How to connect an old external HD drive?
May 22, 2008 6:00 PM   Subscribe

I lost the data cable for an old IOMEGA HDD 120 USB drive. IOMEGA no longer carries the cables. How can I get the data off it?

I own an old IOMEGA HDD 120 USB drive. It works fine, but the data cable got mangled and destroyed (and I threw it out). I called IOMEGA for a replacement, but they no longer carry the connector for it.

The connection on the HD looks like what's called a "Mini Centronics 36" or "IEEE-1284 Type C" connection, with 18 pins on the top and bottom. IOMEGA just says the cable is a "USB data cable with proprietary adapter". It looks like I could just buy a Mini Centronics to DB25 converter, then a DB25 to USB printer cable, but I was worried that wouldn't work.

What's the cheapest and best way of getting my data off this drive? Will the above converters work? Is there someplace I could find the original cable? Could I just crack open the case and connect the HD inside directly?
posted by catsclaw to Computers & Internet (4 answers total)
You absolutely can just crack open the case, extract the drive, and hook it up. (I'm assuming, based on some google-work, that it's a 3.5" drive inside.) Regardless of the external interfaces, all external HDs are just a controller connected to a standard IDE or SATA hard drive on the inside.
posted by Tomorrowful at 6:07 PM on May 22, 2008

As Tomorrowful said, pop open the case and hook it up.
posted by jjb at 6:25 PM on May 22, 2008

Your thought about getting the adapters is a good one, and in a way it's the most elegant solution, but there's really no guarantee that it will work. You have no idea that the pins Iomega decided to use in the Centronics-36 connector correspond to the pins that will end up being connected to the USB lines through all those adapters. Really, you would need to do some serious research and find a pinout, or dissect an actual Iomega adapter, and build your own.

Not worth it, considering that you can pry the drive out (destroying the case if need be) and put it into a new USB or FireWire enclosure for a few dollars. I've seen them selling for under $10 on occasion. (Those el cheapo ones aren't great shakes -- they tend to overheat easily so I wouldn't use them for anything more than data retrieval or offline backups -- but they would work for this purpose.)

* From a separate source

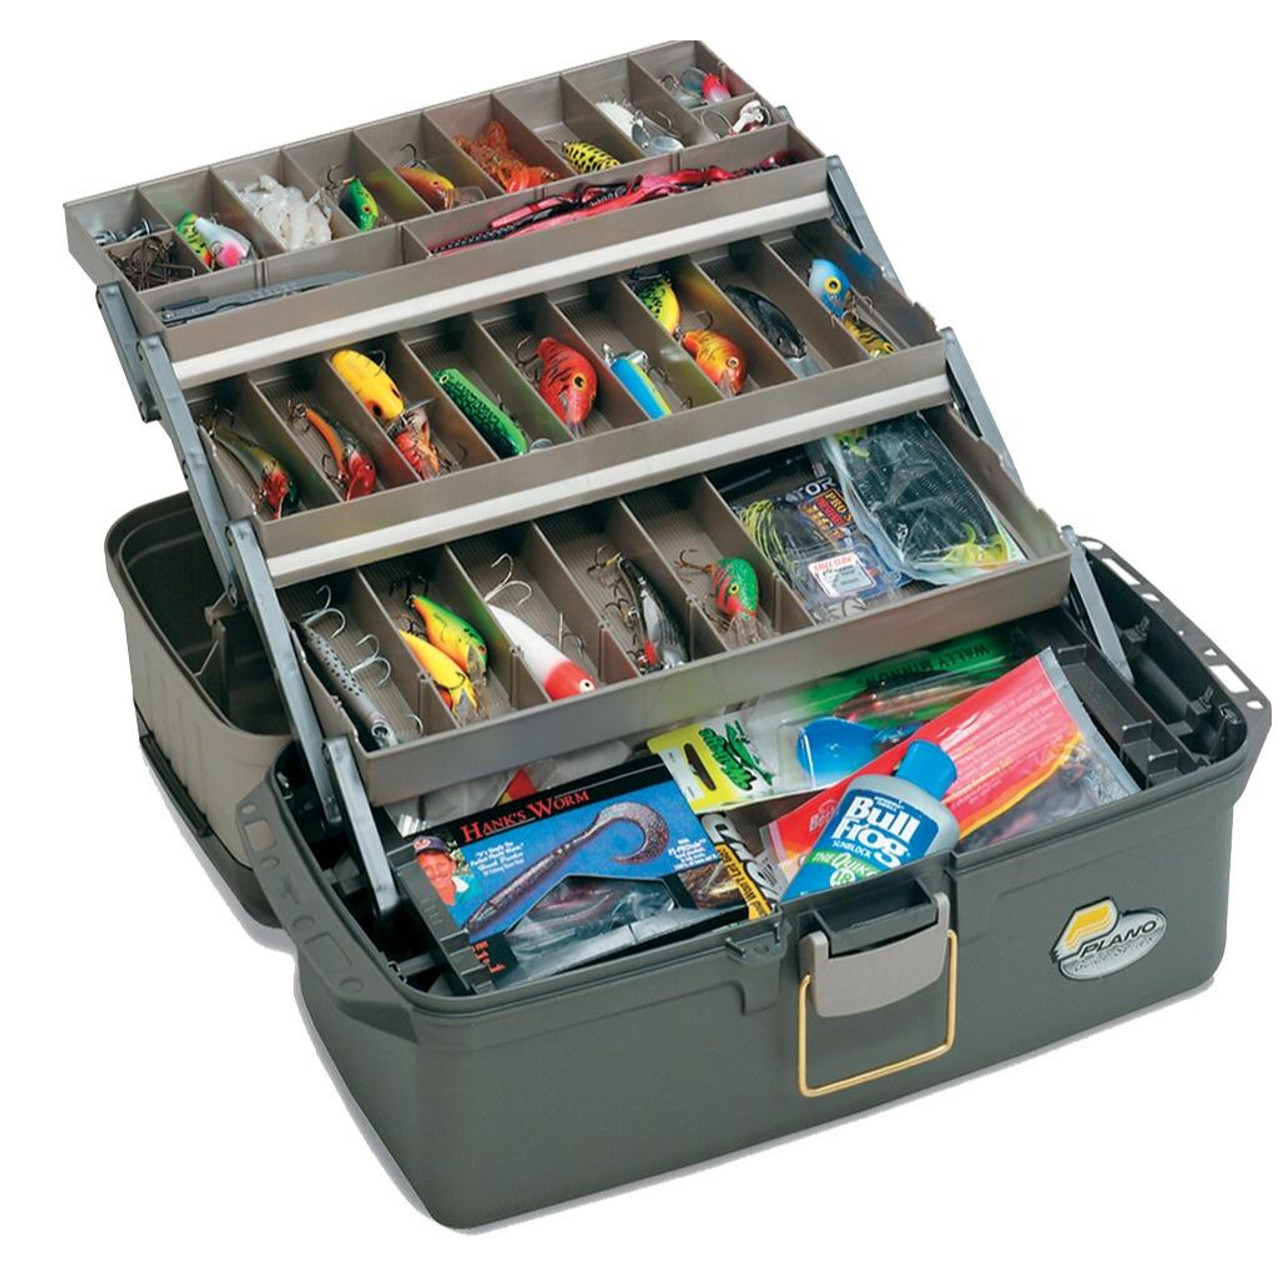 Plano Guide Three Tray with Top Access - Presleys Outdoors
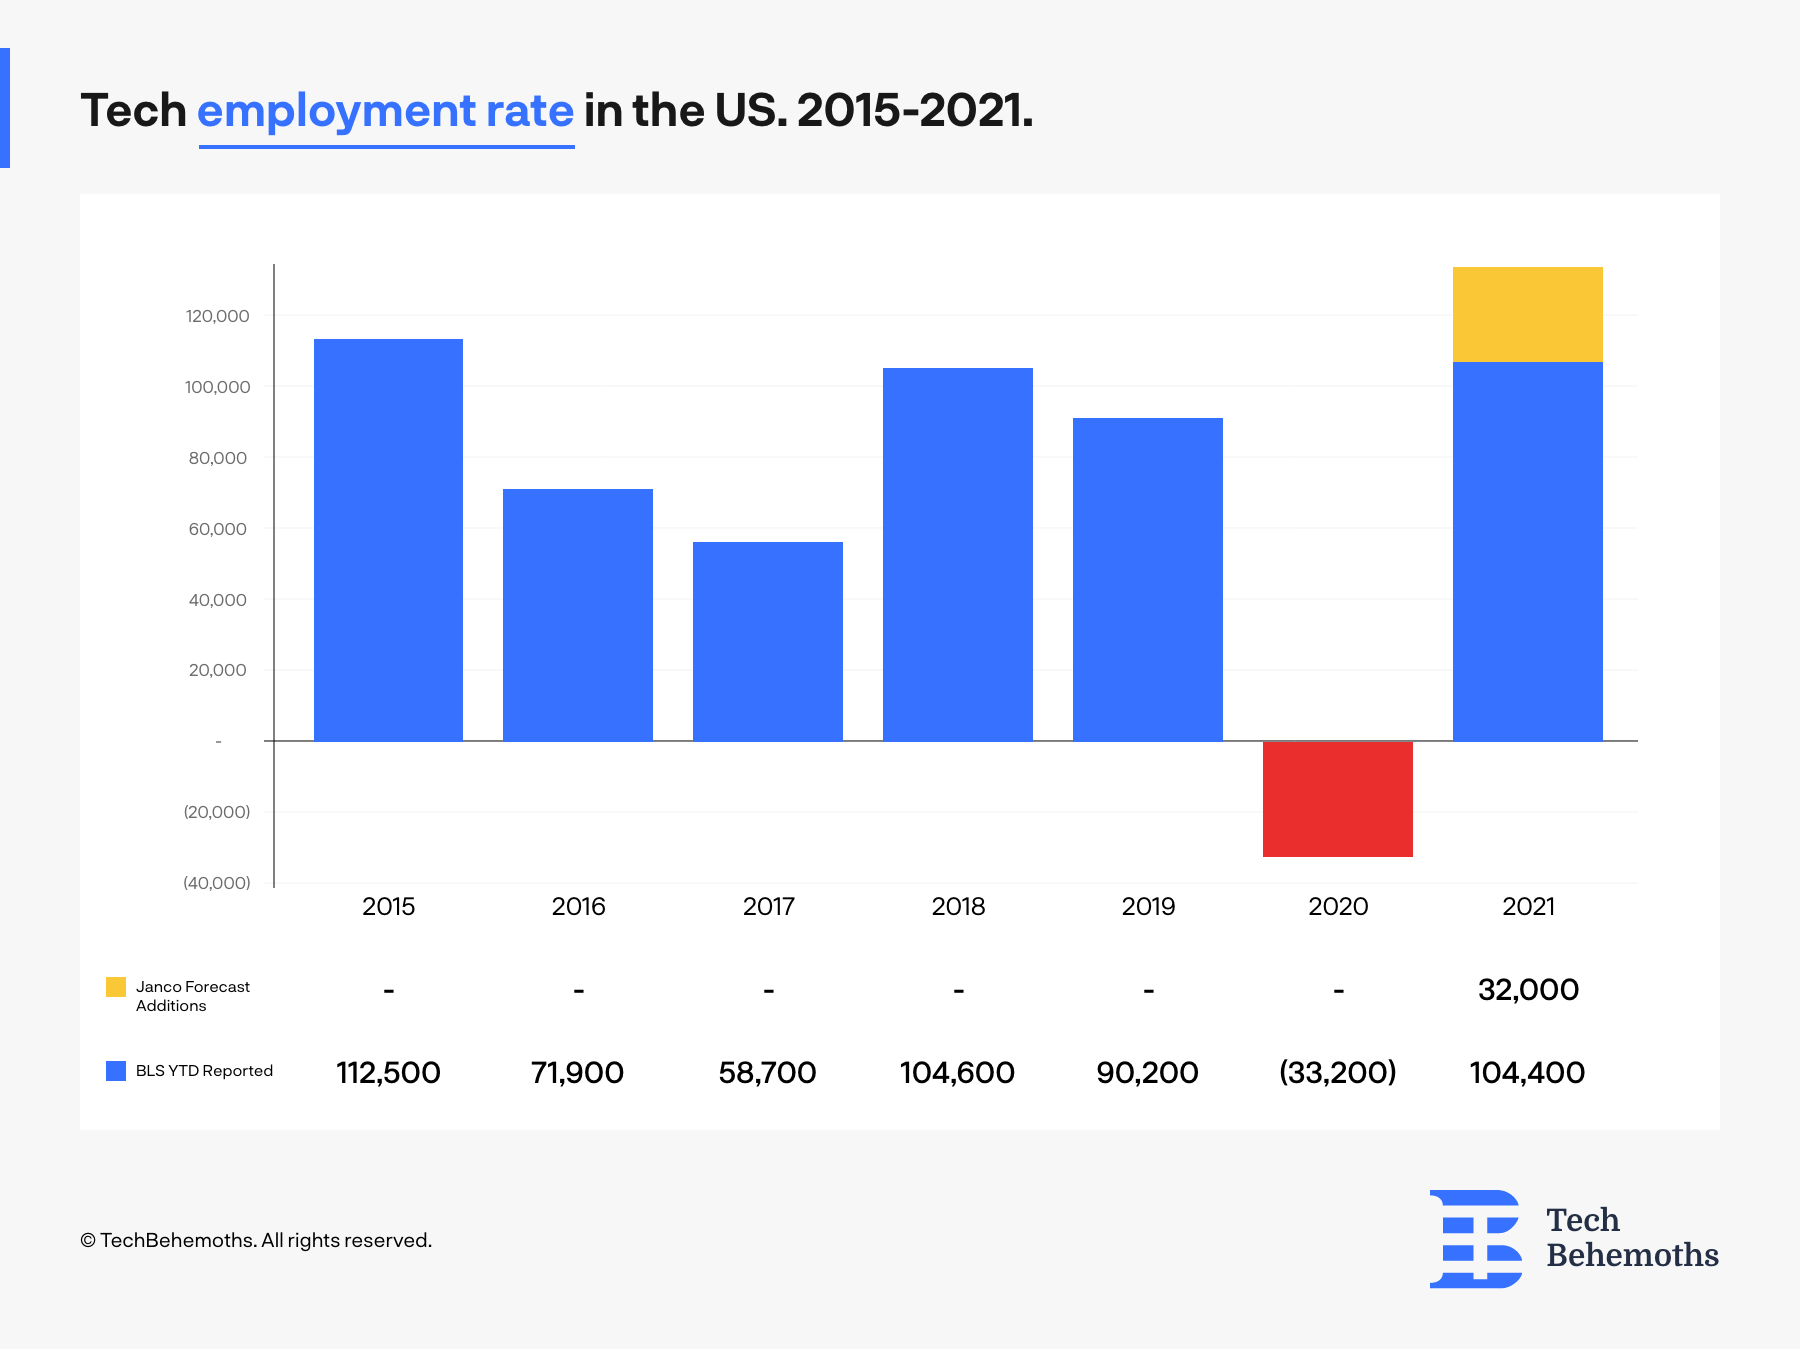 The US tech employment rate in 2021 increased and recovered all losses from the big employment depression in tech in 2020

Just be careful disassembling the Iomega drive so you don't damage the connectors on the commodity hard disk concealed within.
posted by Kadin2048 at 9:02 PM on May 22, 2008

Parallel (DB25) is hoooorribly slow. I highly doubt they are using a parallel data interface to the drive over usb. It is likely just some jerk implementation of a USB connector.

I doubt your stringed cables would work. Crack it open like everyone else suggests.